Raw data:
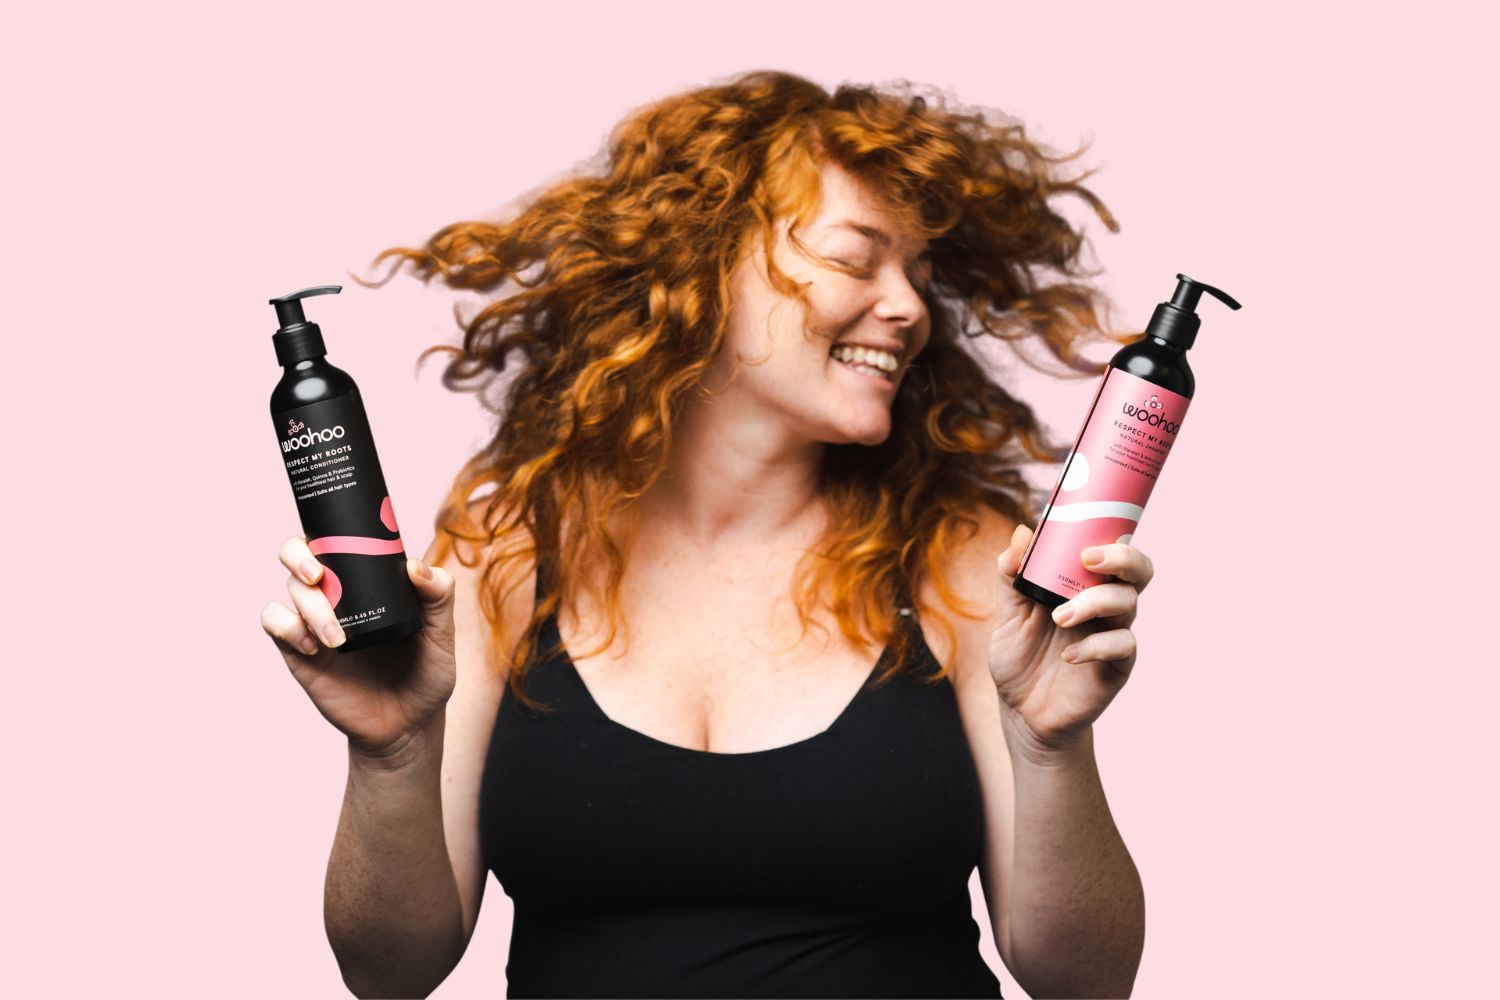 How to use your Woohoo Natural Shampoo and Conditioner
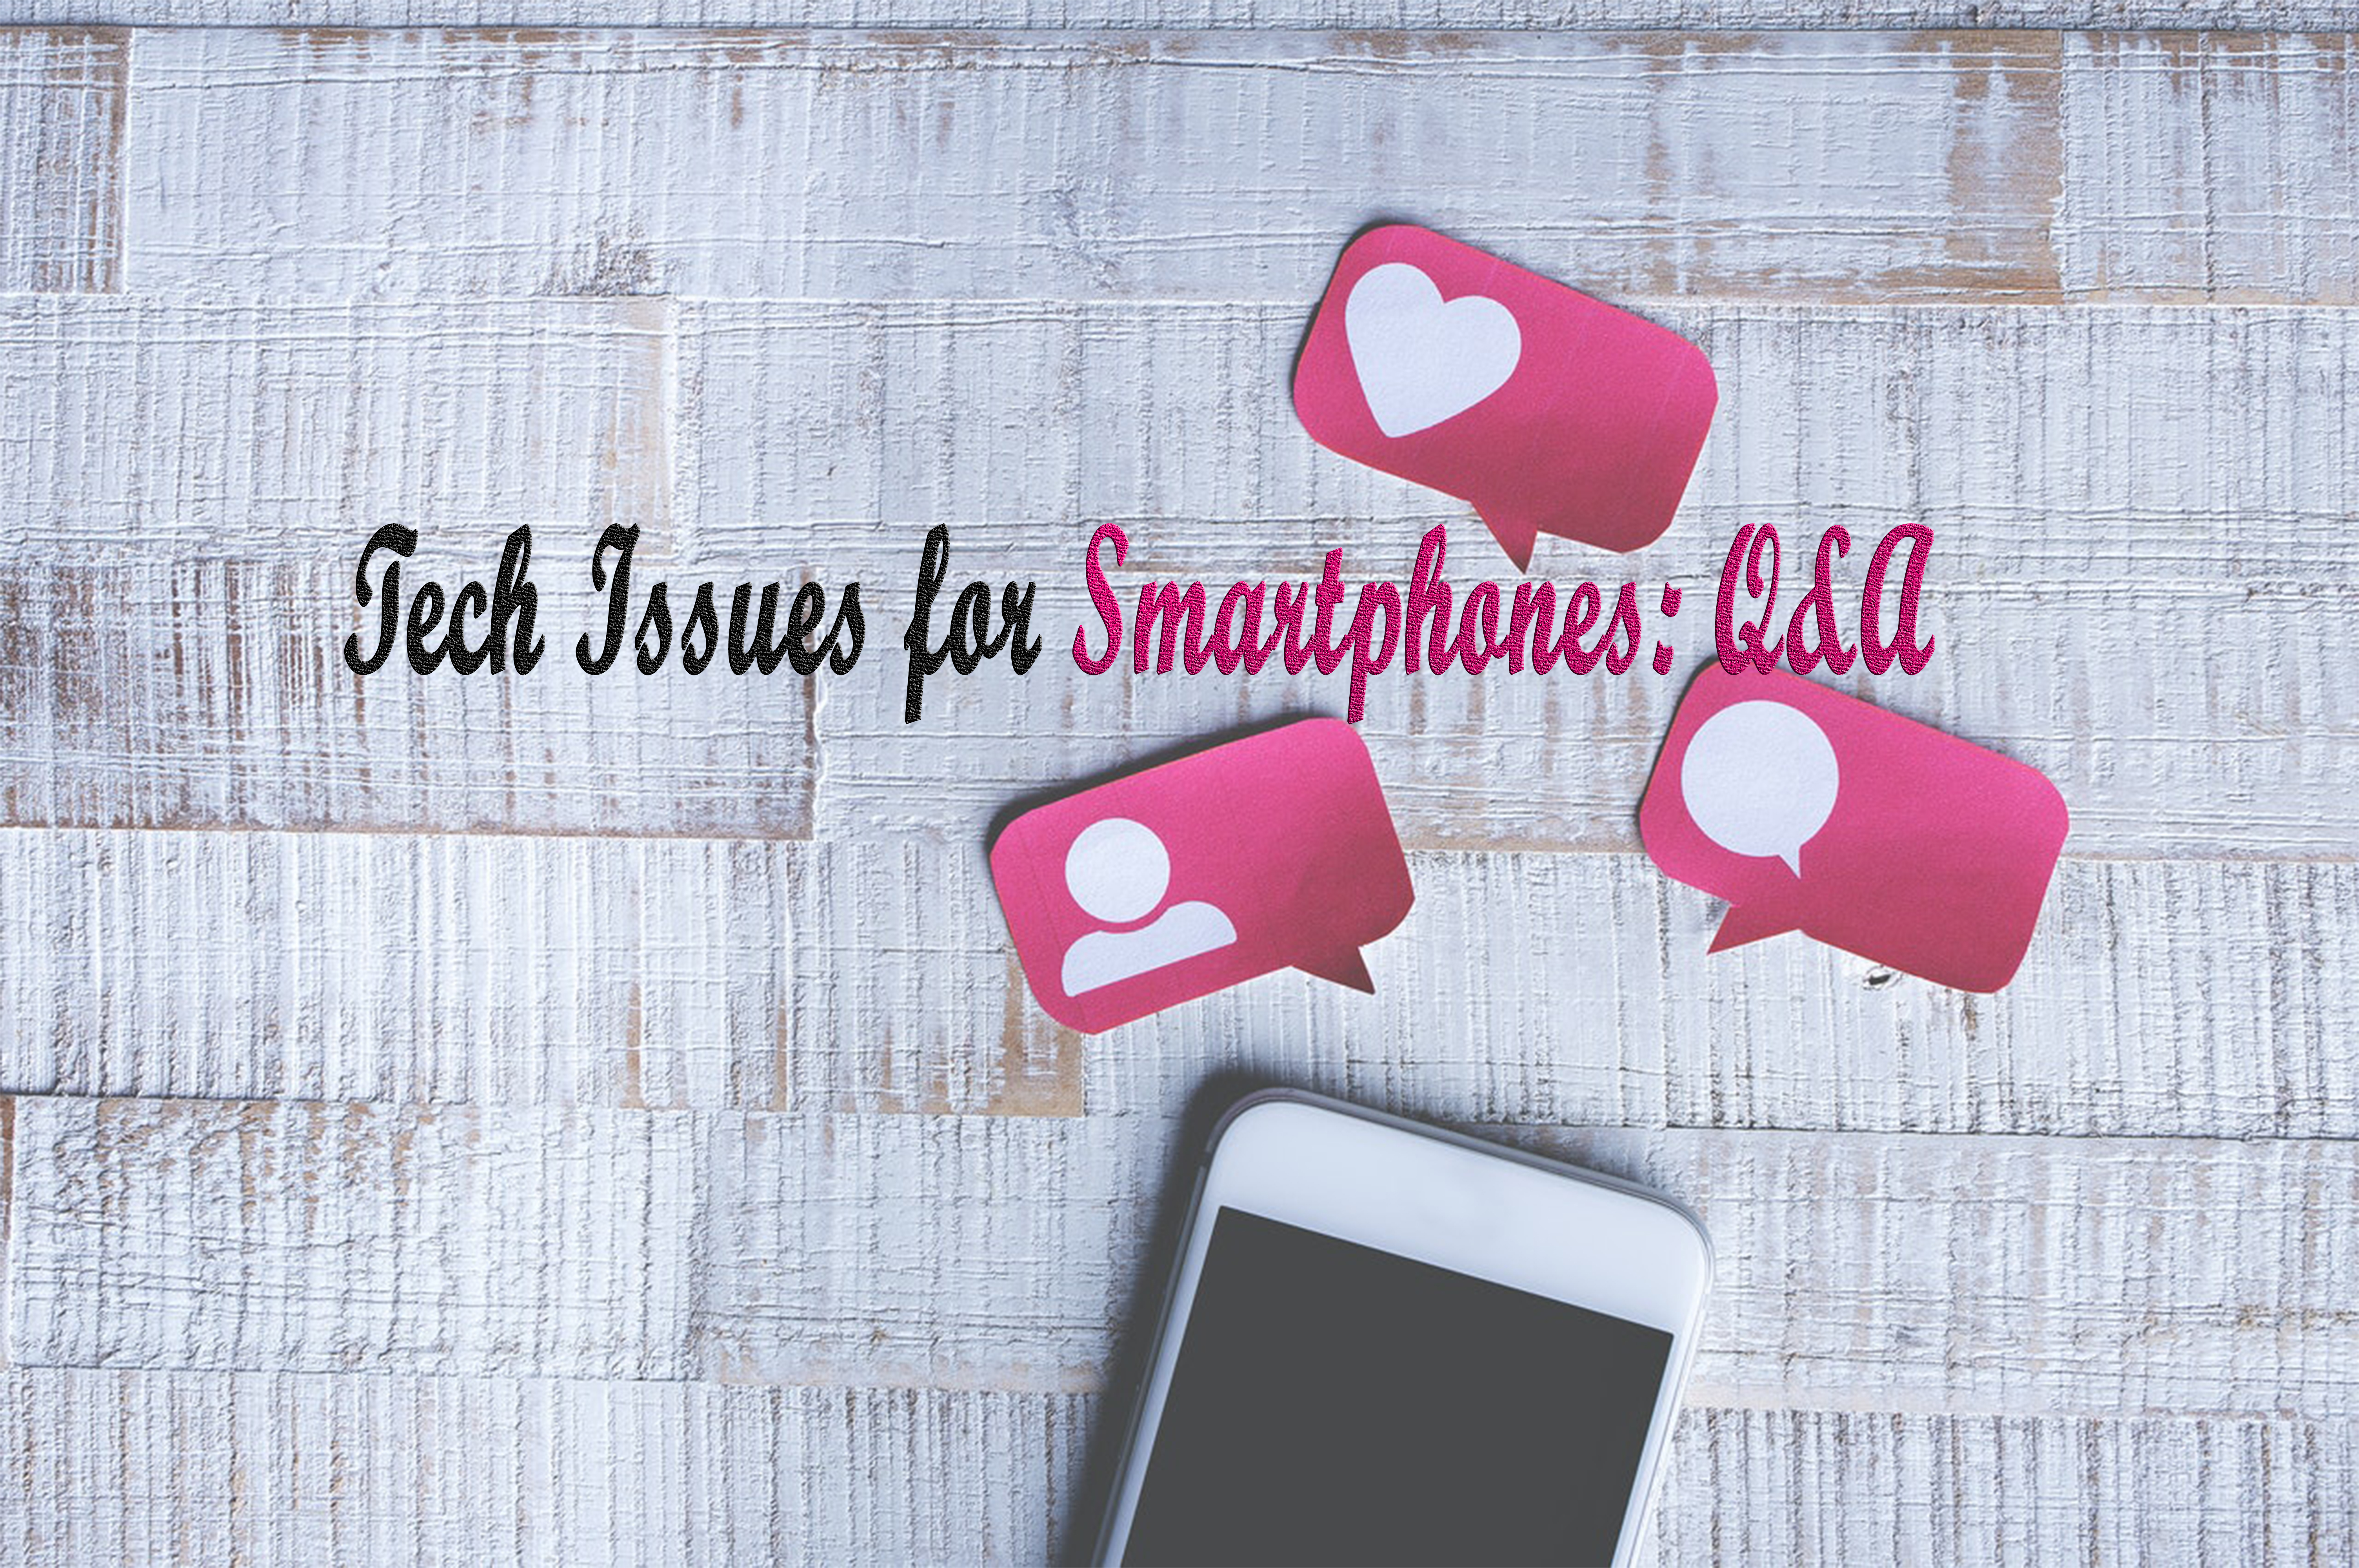 Tech Issues for Smartphones: Q&A 
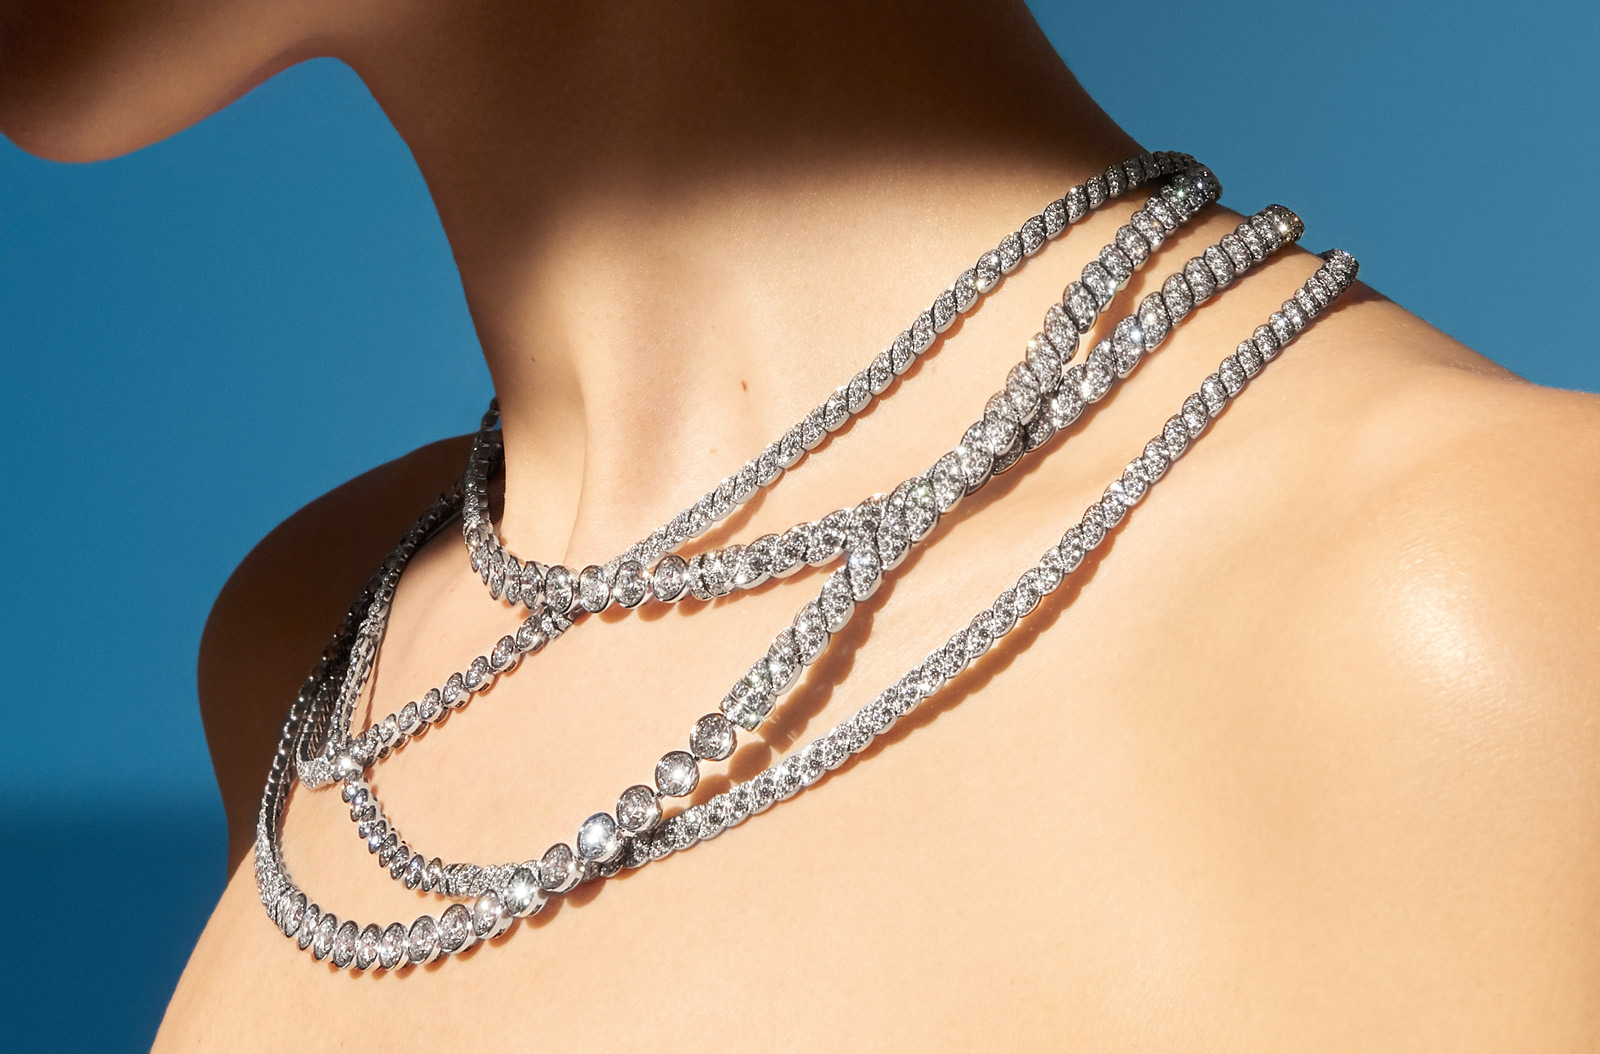 "Sparkling Lines" necklace from "Flying Cloud" collection in 18K white gold set with 49 round-cut diamonds and 2823 brilliant-cut diamonds

Problem requirements:
Your copy of the material above should be exact and free of pictures.

Result for this task:
 How to use your Woohoo Natural Shampoo and Conditioner
 Tech Issues for Smartphones: Q&A 
 "Sparkling Lines" necklace from "Flying Cloud" collection in 18K white gold set with 49 round-cut diamonds and 2823 brilliant-cut diamonds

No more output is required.